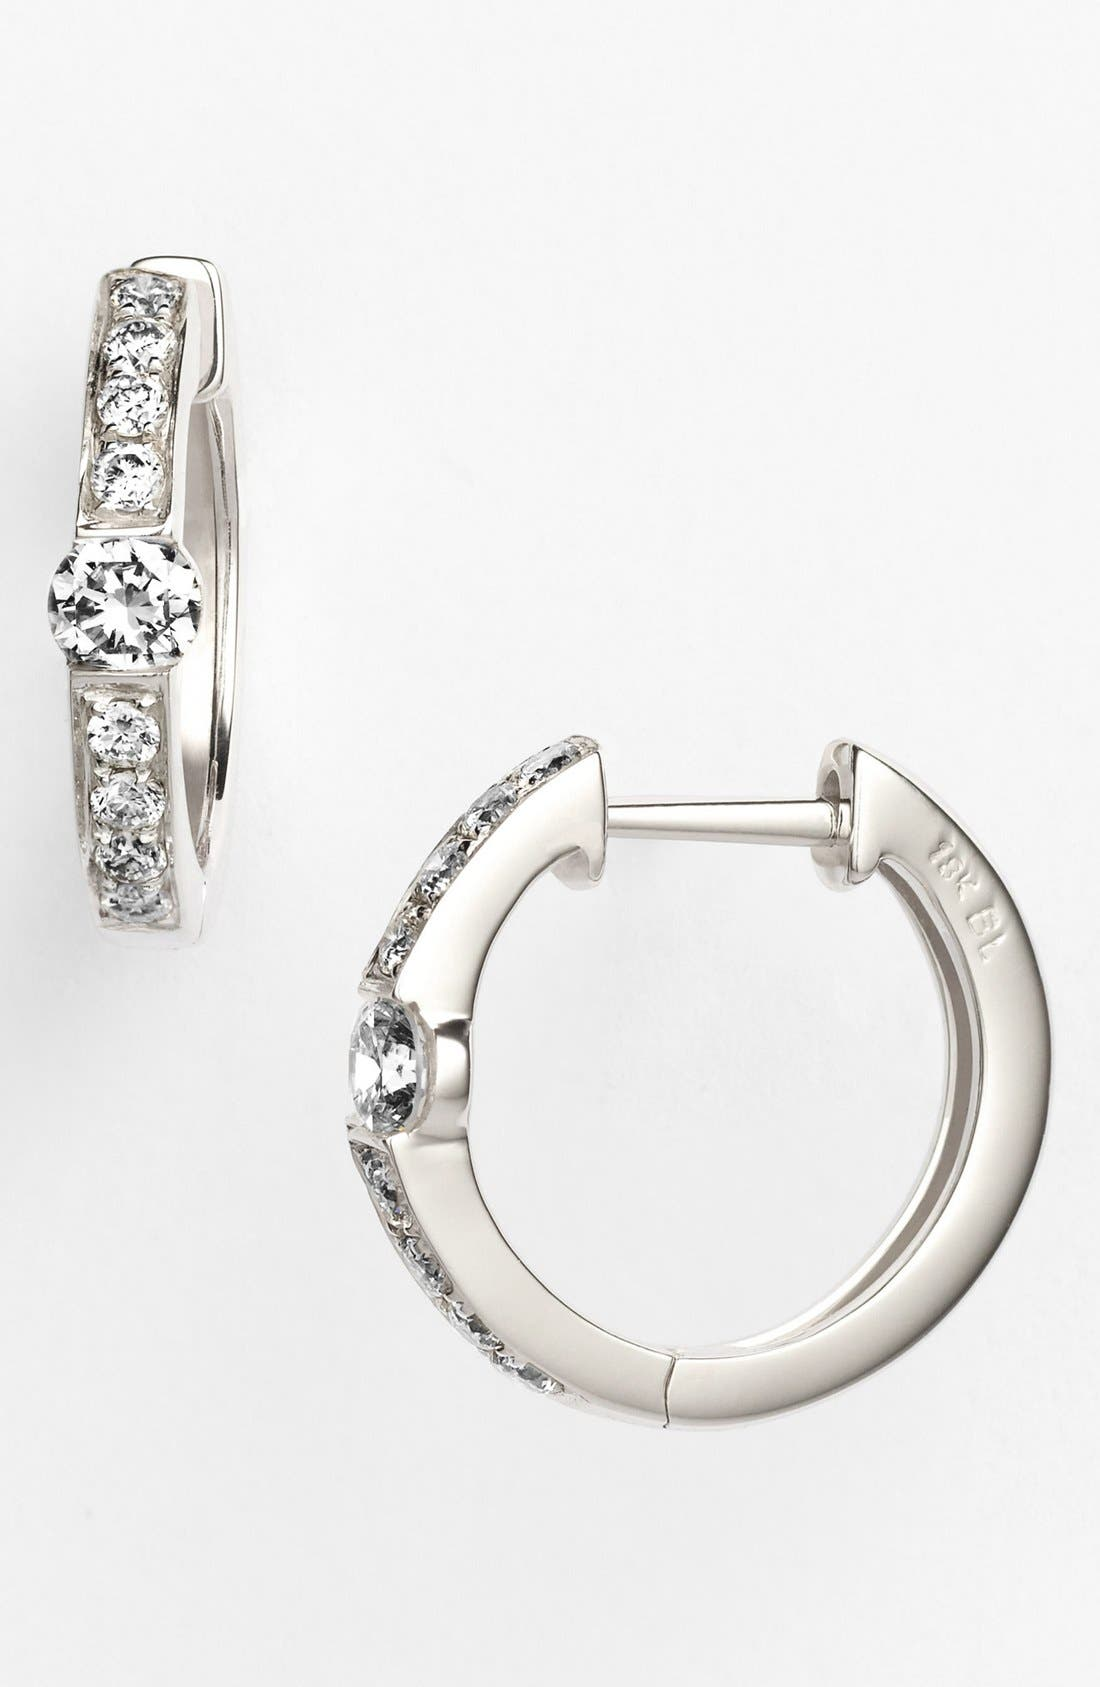 Alternate Image 1 Selected - Bony Levy 'Linea' Small Diamond Hoop Earrings (Nordstrom Exclusive)
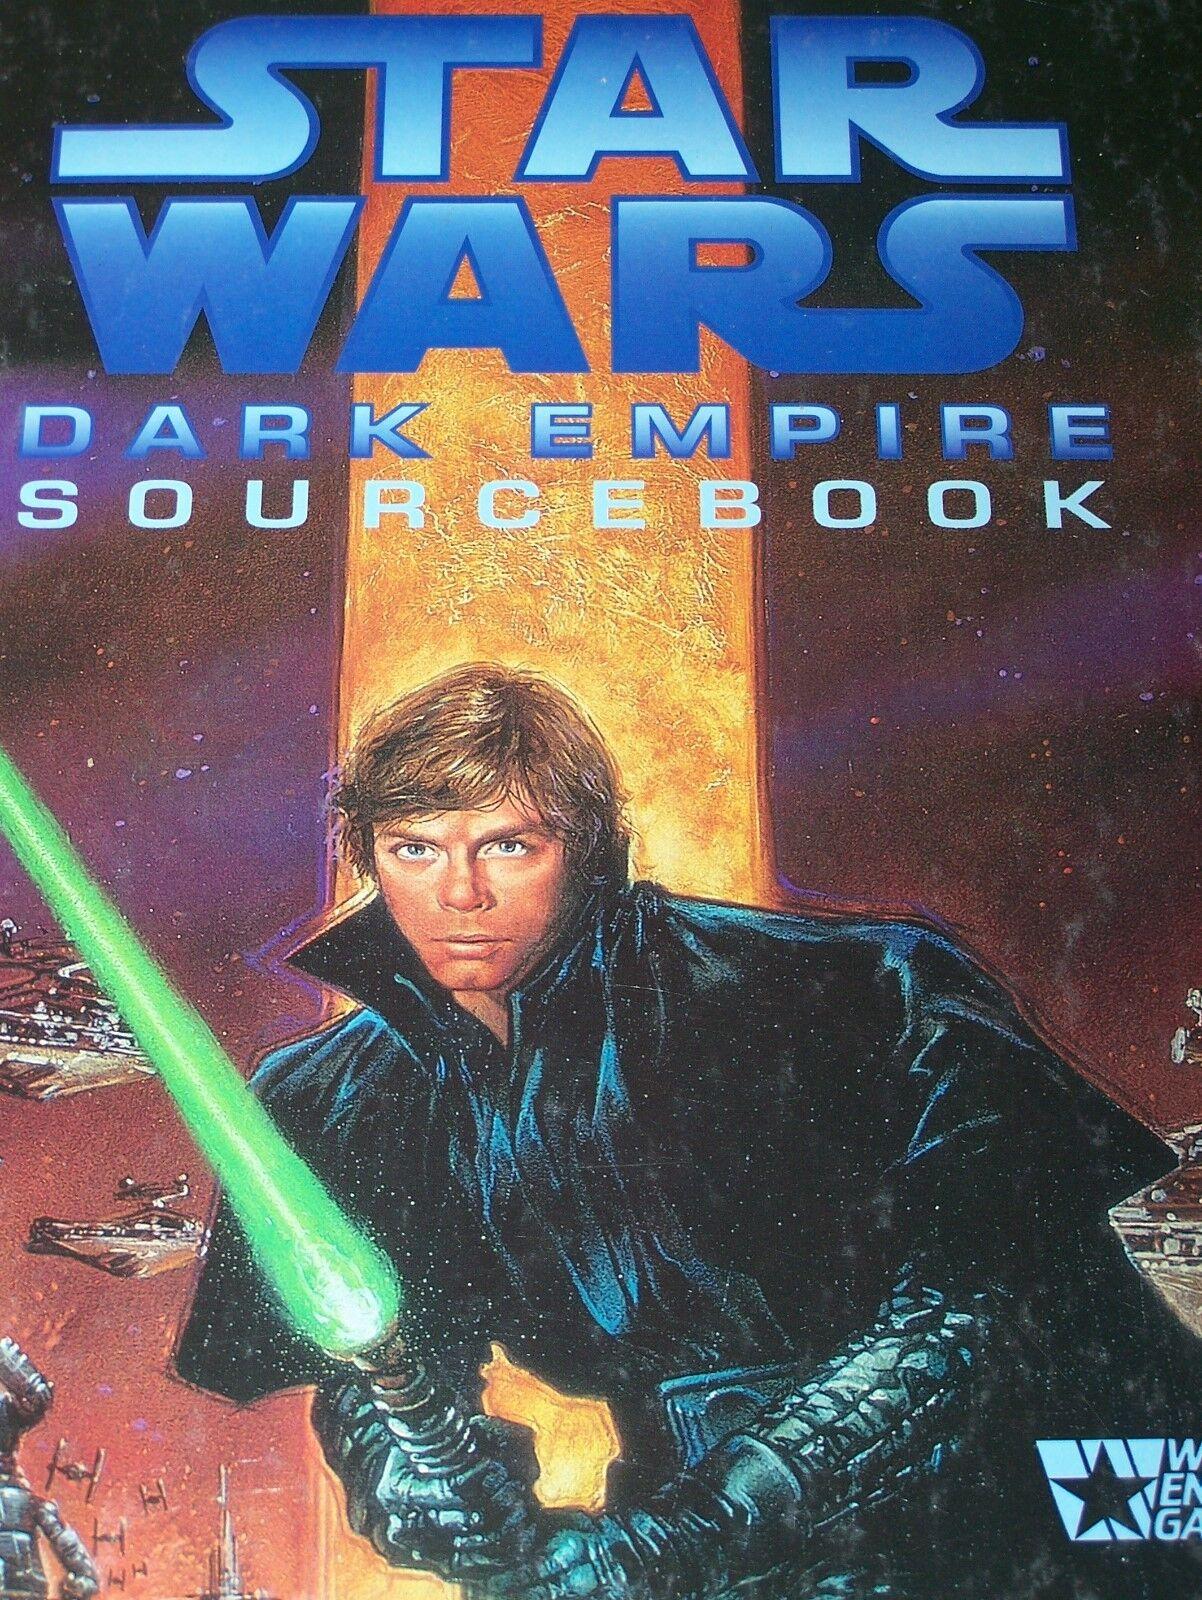 Star Wars RPG Hardcover Sourcebook Dark Empire Last Command Dark Force Rising +2
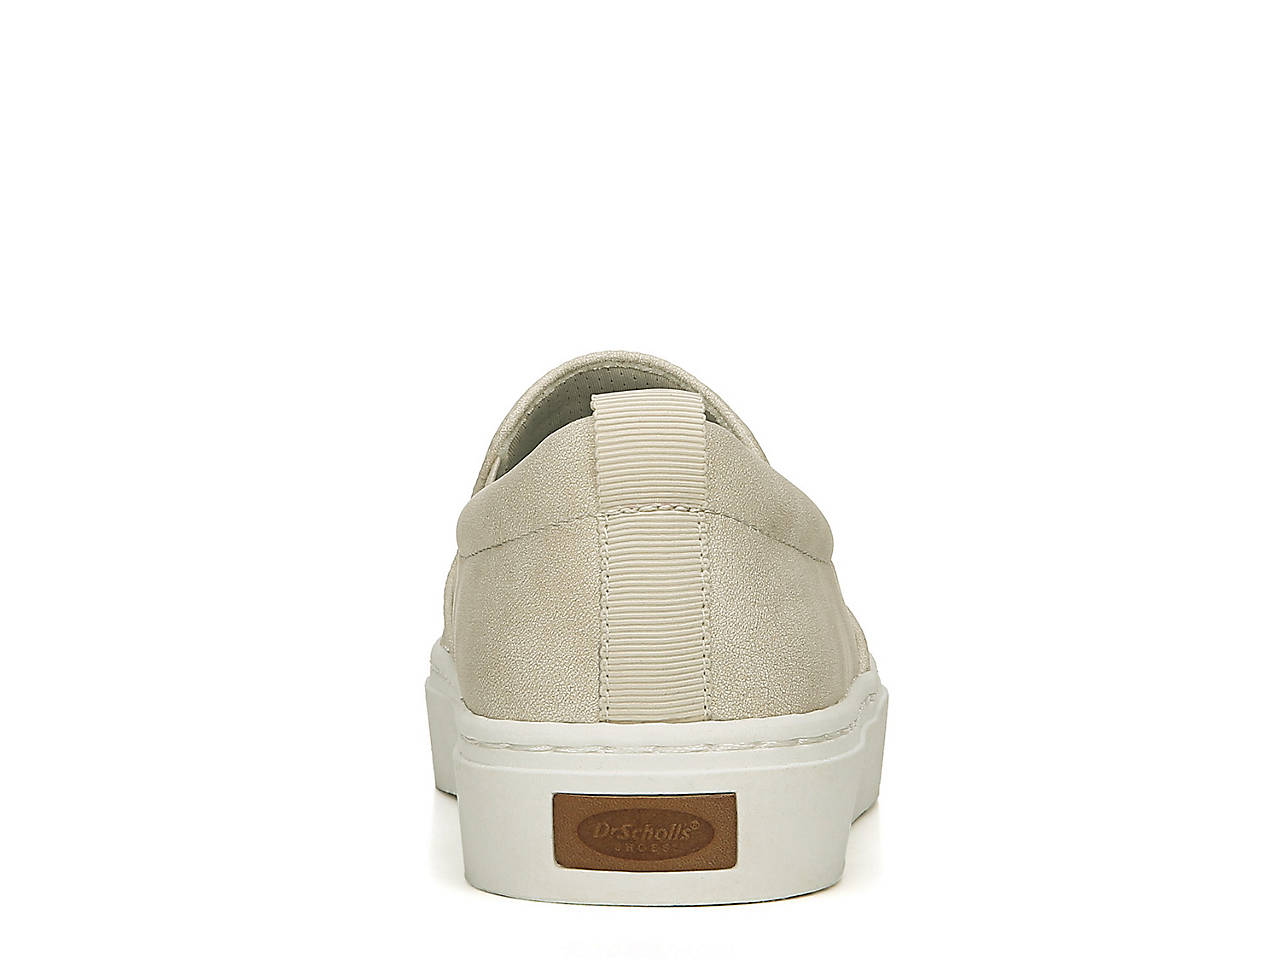 e90464ee3099 Dr. Scholl s No Bad Days Platform Slip-On Sneaker Women s Shoes

Assignment: Leave out every picture and write out exactly the lines running from the line containing "Star Wars RPG" to the end of the listing above.

Reply:
 Star Wars RPG Hardcover Sourcebook Dark Empire Last Command Dark Force Rising +2
 e90464ee3099 Dr. Scholl s No Bad Days Platform Slip-On Sneaker Women s Shoes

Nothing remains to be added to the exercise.